Eight months after the cancellation of March Madness, college basketball is poised to make its triumphant return. The schedules have been built, rules have been put in place for practices, and tournaments have already been planned. The NCAA is in talks to host March Madness entirely in Indiana. Everything is ready, so long as politicians and bureaucrats stay out of the way.
New Mexico is one such example. Gov. Michelle Lujan Grisham has refused to provide an exemption for college sports teams that are unable to practice due to restrictions on gatherings of five people or more, leaving some teams unable to practice. California teams such as Stanford University and San Jose State University were forced to use tennis courts for practices.
The NCAA’s guidelines recommend immediately halting team activities over a single positive test, whether from players or coaches or support staff. Teams such as California State University, Fresno, have already been forced into multiple 14-day freezes. This kind of hard-line rule, when paired with the amount of false-positive tests we have seen repeatedly in the sports world, is the kind of thing that can quickly derail a season.
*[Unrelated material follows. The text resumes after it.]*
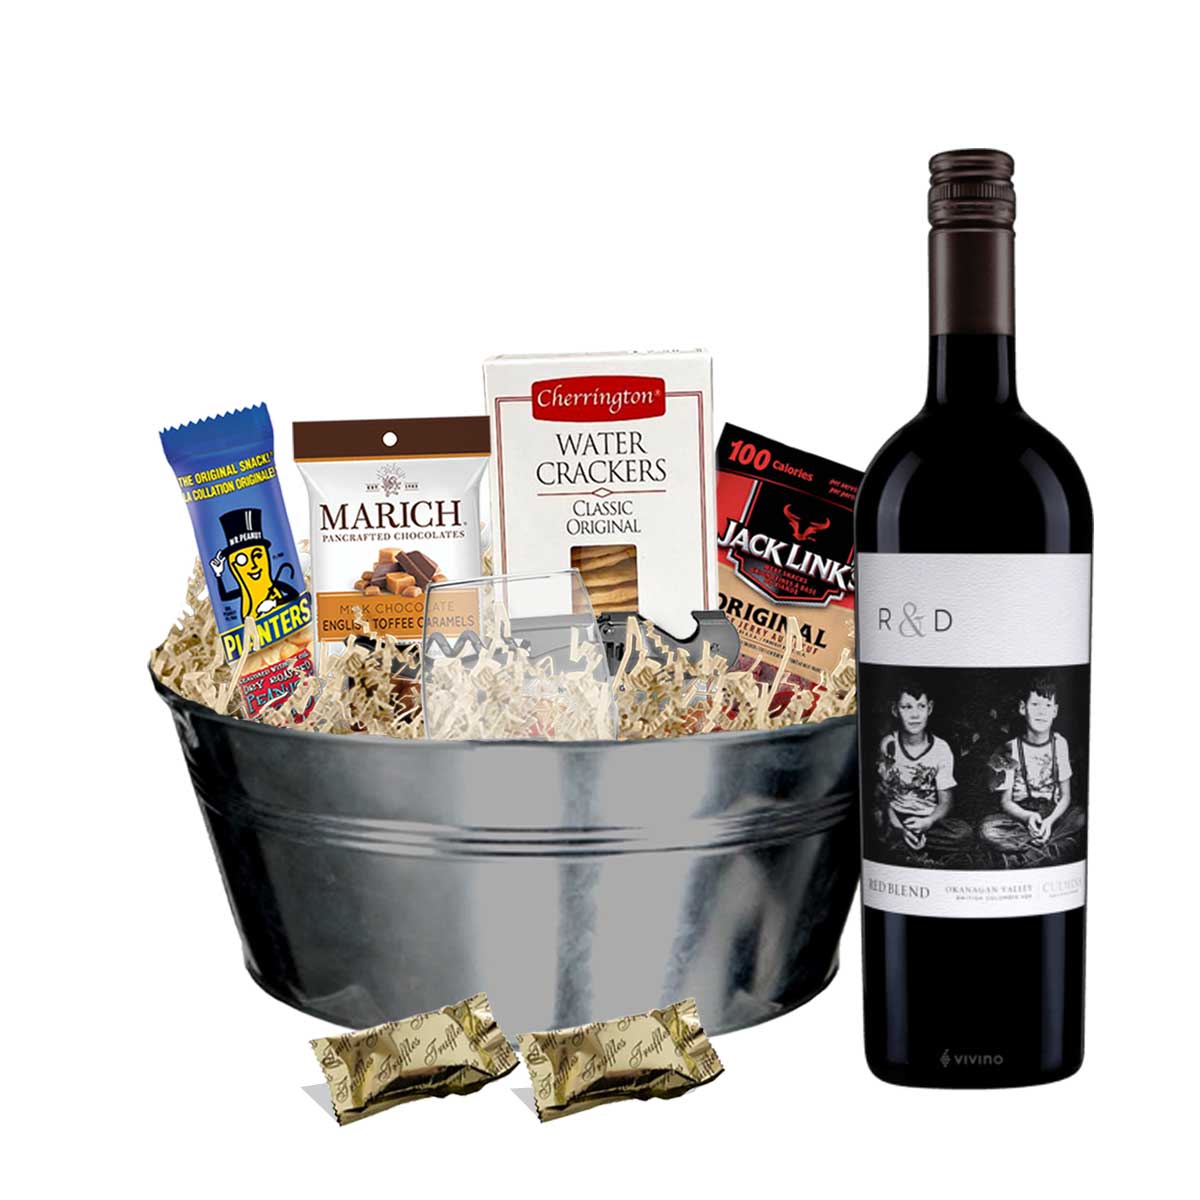 TAG Liquor Stores BC - Culmina R & D Red Blend 750ml Gift Basket

The Big Ten conference is an example of this. After initially setting up a solid football schedule, with built-in bye weeks to account for delays, conference leadership was spooked by public pressure into canceling the season. After a successful first week of college football showed how foolish that decision was, they made plans to return — but with an eight-week, eight-game schedule that left no margin for error.
When college sports bureaucrats get too involved, athletes tend to pay the price. Playoff hopeful Ohio State University has already lost one game from its schedule and could quickly lose more if a few other teams are forced into cancellations.
As with college football, the risks involved with playing college basketball are minimal. Although it is played indoors, it also benefits from much smaller rosters and coaching staffs.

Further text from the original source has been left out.